I think most of it is to feel better.

If you like your job and most of the other parts of your life, you spent less
money to feel better.

But if nobody gives you a good job and you don't have much time left for the
rest of your life, you get the impression that you have to buy happiness.

Can't blame those people. Did it myself for years.

------
zamalek
A high school friend of mine wound up working as an "ATM Clark" \- essentially
the guy in charge of filling ATMs. The salary varies wildly based on how much
overtime is done, his take-home salary was usually $2500/month (which lies in
the richer portion of the middle class in South Africa). His colleague did no
overtime and took home $500/month.

This guy who only earned $500 spent $400 on a loan and insurance for a Golf
GTi (one of the status symbol cars in South Africa). My friend who earned 5
times as much drove around in a derelict '92 VW Fox.

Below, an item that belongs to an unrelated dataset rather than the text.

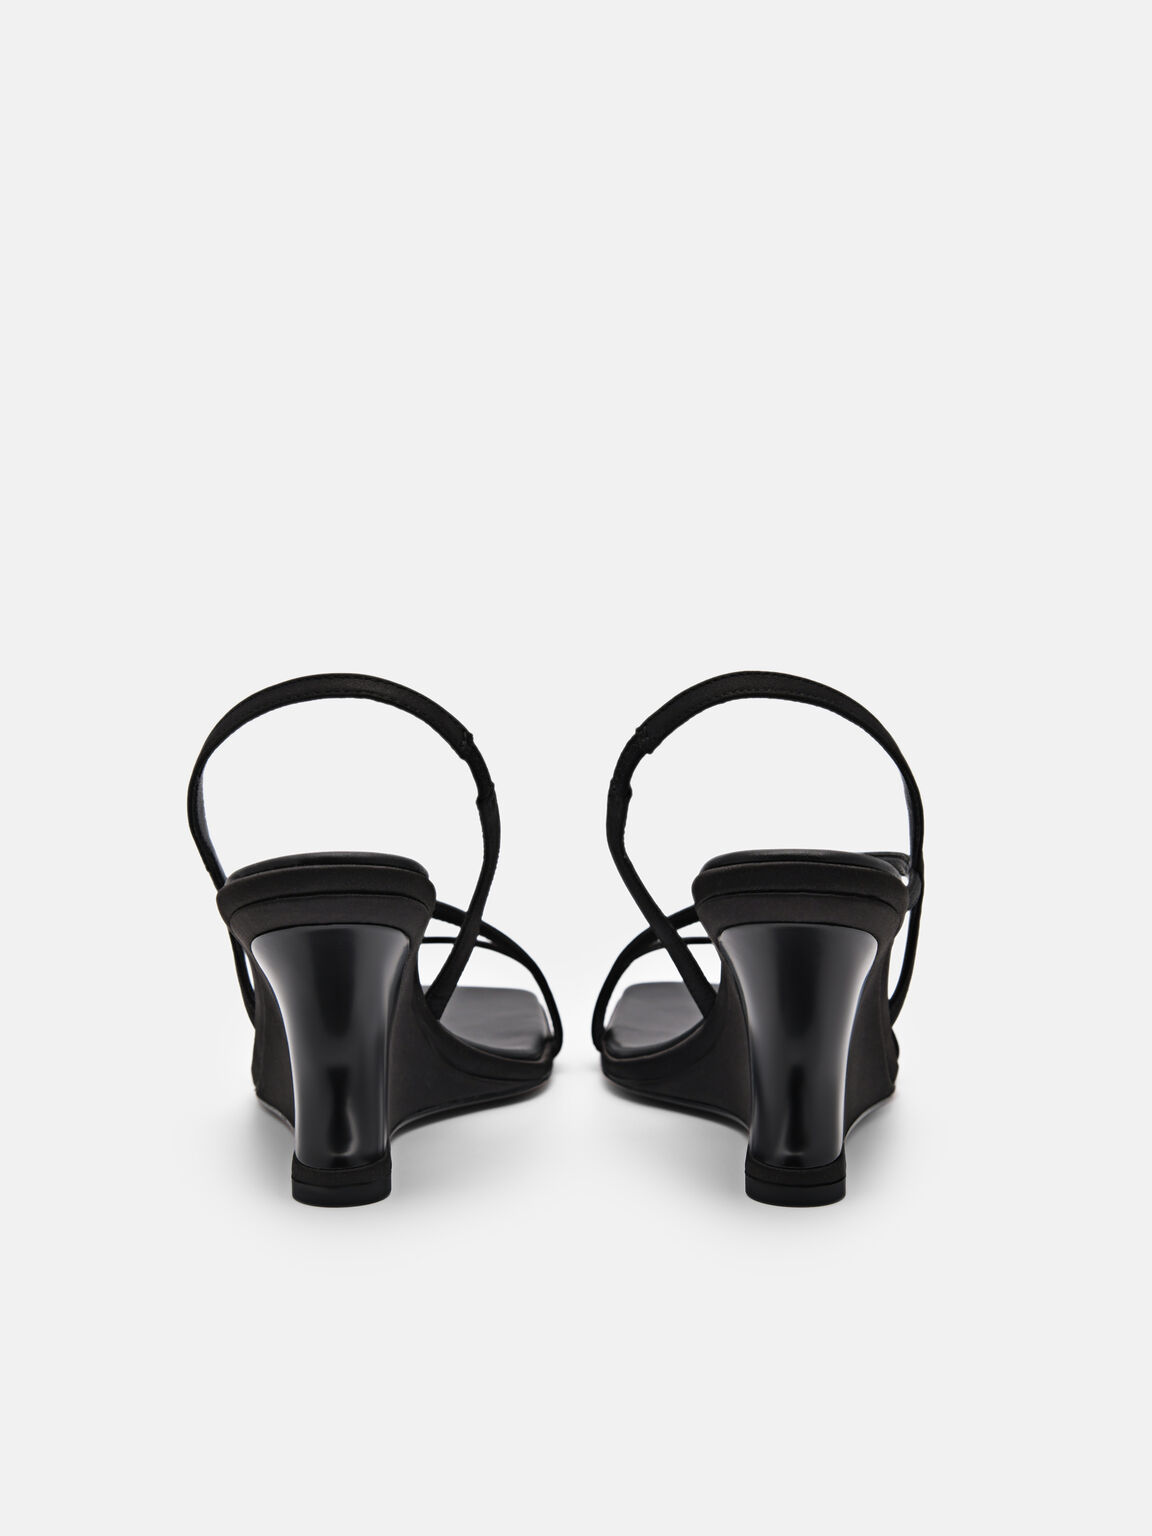 Oriana Wedge Sandals, Black, hi-res

So I've seen it first-hand, "stupid poor people spending stupid amounts of
money on stupid things." In the same way me and my friend spent stupid amounts
of money on our own type of stupid things. We bought smartphones (back in
2005, this was the WinMo days) so that we could tinker with them. Instead of
getting a prestige symbols we got toys that we could play with.

Whether or not something is stupid depends on who you ask. If you ask a poor
person whether someone buying a nice car is stupid they will probably say
"no." If you ask them whether buying a smartphone (pre-iPhone, remember) is a
stupid idea they would definitely say "yes." I would guess it speaks about the
underlying psychology of wealth: those with no monetary wealth seek approval
from others (prestige symbols: cars, handbags, etc.) and those with much seek
approval from themselves (toys: fast internet, flashy computers, etc.).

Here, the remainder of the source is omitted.